Priya Kulasagaran dives into a healthy and traditional fusion experience with the poke bowl specialists at Paperfish.
While sushi has now become an entrenched mainstay for most local foodies, this year’s trend of poke bowls has taken raw fish into a different direction. Contrary to the cute name, poke (pronounced poh-kay) has nothing to do with Pokemon or poking at your food like a fussy toddler.
A centuries-old dish from the shores of Hawaii, United States, a typical poke bowl has chunks of raw fish atop a bed of rice. The word poke in Hawaiian means to “cut crosswise into pieces”, referring to the fish slices. In Hawaii, the food can be found anywhere from stalls to gas stations. Like many culinary staples around the world, the dish was a way of utilising leftovers (in this case, fish from a day’s catch) without sacrificing nutrition and flavour.
Thanks to large scale migration to the island, the dish also brings in Japanese sensibilities, notably to the seasoning of the dish to include that elusive umami taste. This includes toppings such as seaweed and furikake (comprising sesame seeds, dried fish and seaweed).
As more people seeking out healthier food options, poke bowls have arrived at an ideal juncture to fill this need. Packed with fresh ingredients and lots of vegetables, it is easy to see why these colourful bowls are being marketed as wholesome meals for busy urbanites.
Now the dish has hit the local food scene, one of the best places to sample poke is Paperfish in Taman Tun Dr Ismail, Kuala Lumpur. Owned by six friends, the outlet’s name is clever reflection of the dish’s Japanese influences — as well as the concept of how your lunch is hand-crafted by the servers.
A bowl of goodness
“There’s a reason why we call ourselves crafters,” says Paperfish supervisor Alyssa Chuah, gesturing to the open bar of ingredients where diners can customise their bowls. “We want people to engage with their meals, and get to really know what they’re eating. I’d say our philosophy is minimalist — we focus on letting the flavours of fresh ingredients shine, and keep things simple, relaxing and healthy.”
Indeed, the setting of the eatery is airy and light, with clean white walls, wide tables and benches, as well as ample space. Outside, the first thing that greets patrons as they walk in is a colourful wall of origami creations; to which customers are encourage to add to, along with their feedback.
Chuah reckons that alongside the healthy appeal of the food served, the casual nature of the set-up is the thing that has made Paperfish a popular neighbourhood joint. “I’d say this based on my own parents as well,” she says with a grin. “With some of the trendier looking places, older customers feel a bit ‘scared’ about being surrounded by young people. Here, we keep things simple and fuss-free, and it helps to have friendly staff as well.”
The base of poke bowls are usually a carbohydrate, particularly rice, although some restaurants include options such as pasta or noodles. At Paperfish, those wishing for an even healthier choice can select either quinoa or even baby greens to make it a full salad.
While raw tuna may be the traditional protein option, these days other seafood such as salmon and shrimp are popular as well. The fish is usually marinated, either in a simple soy-sauce base, or in Paperfish’s case, slightly more contemporary mixtures with citrus or chilli. To round off the dish, toppings are added for flavour and texture; these can be anything from vegetables, seasoning like sesame seeds and seaweed, or even egg.
If this sounds like a case of too many choices, fret not: Paperfish offers patrons a list of pre-set bowls that you can start your customisation from. This includes tuna, salmon and shrimp; vegans and vegetarians meanwhile, can opt for the avocado bowl.

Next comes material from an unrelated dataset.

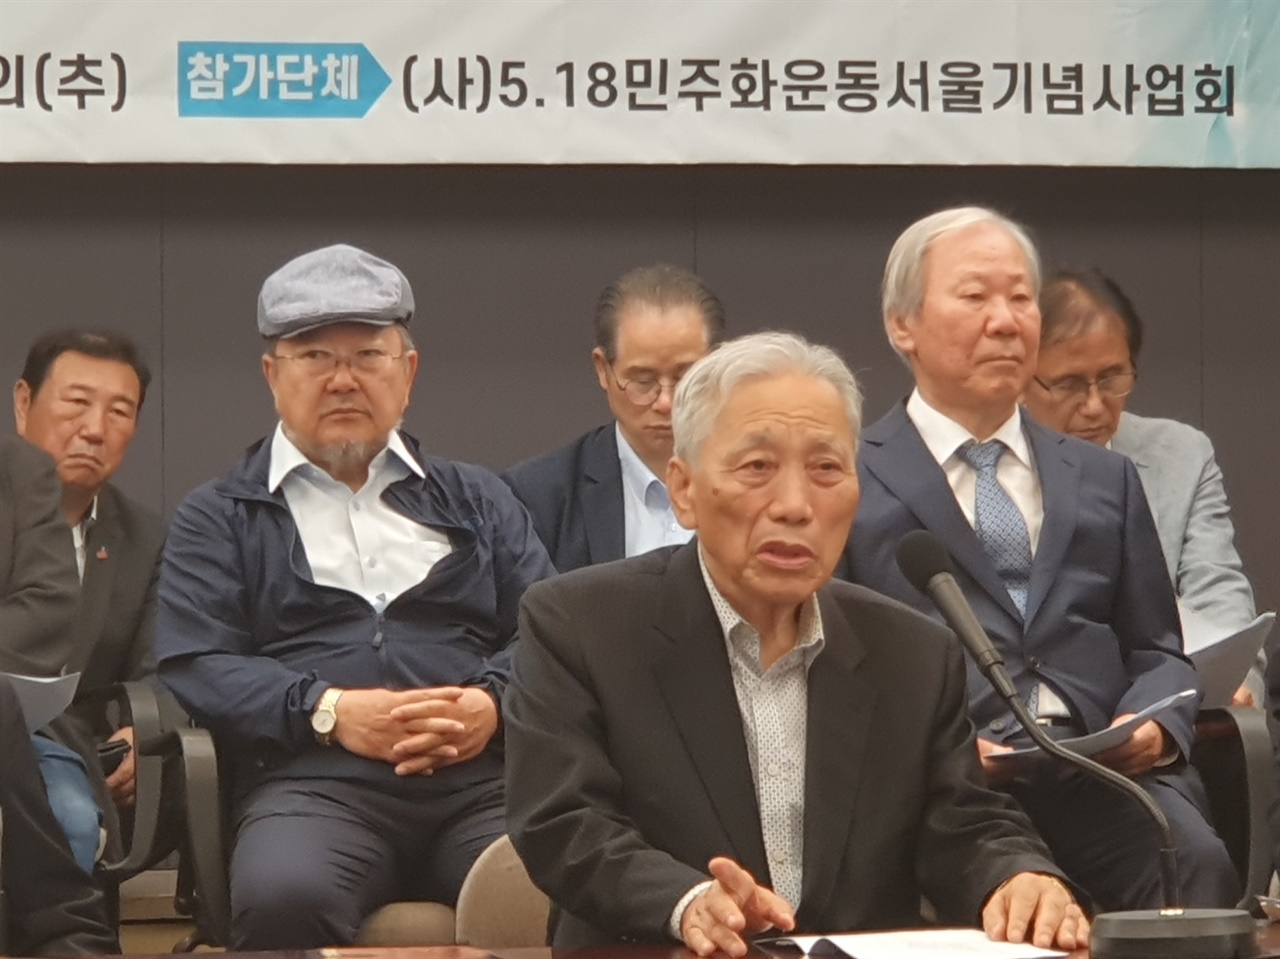 한국프레스센터에서 검찰독재·민생파탄·전쟁위기를 막기 위한 제43주년 5.18민중항쟁 기념행사가 열려 박석무 사업회 명예고문이 인사말을 하고 있다.

The bowls themselves come in generous portions; my citrus-marinated salmon dish arrived littered with delectable salmon cubes, and I was glad that the paper container could withstand the weight of the serving. Digging in, the freshness of the salmon was unmistakable, and I am assured of Chuah’s comment of the outlet having no qualms of turning away ingredients from suppliers at their doorsteps if they are not up to scratch.
You can also opt for sauces such as sriracha, wasabi and garlic if you want that extra kick to your meal. “We try not to use too much (sauce) when preparing the bowls, because otherwise the sauce might overpower everything else in the dish,” adds Chuah. But customers are feel to help themselves to more.”
By the end of the meal, my only complaint is perhaps I should have opted for a vegetable base so as to not feel like a python digesting its prey. Despite the eternal parking woes of the area during the day time, the outlet is usually packed for lunch and dinner – after sampling its wares, the appeal makes sense. So if you’re craving for a healthy meal, without wanting to feel as if you are on a diet, Paperfish might just be the answer.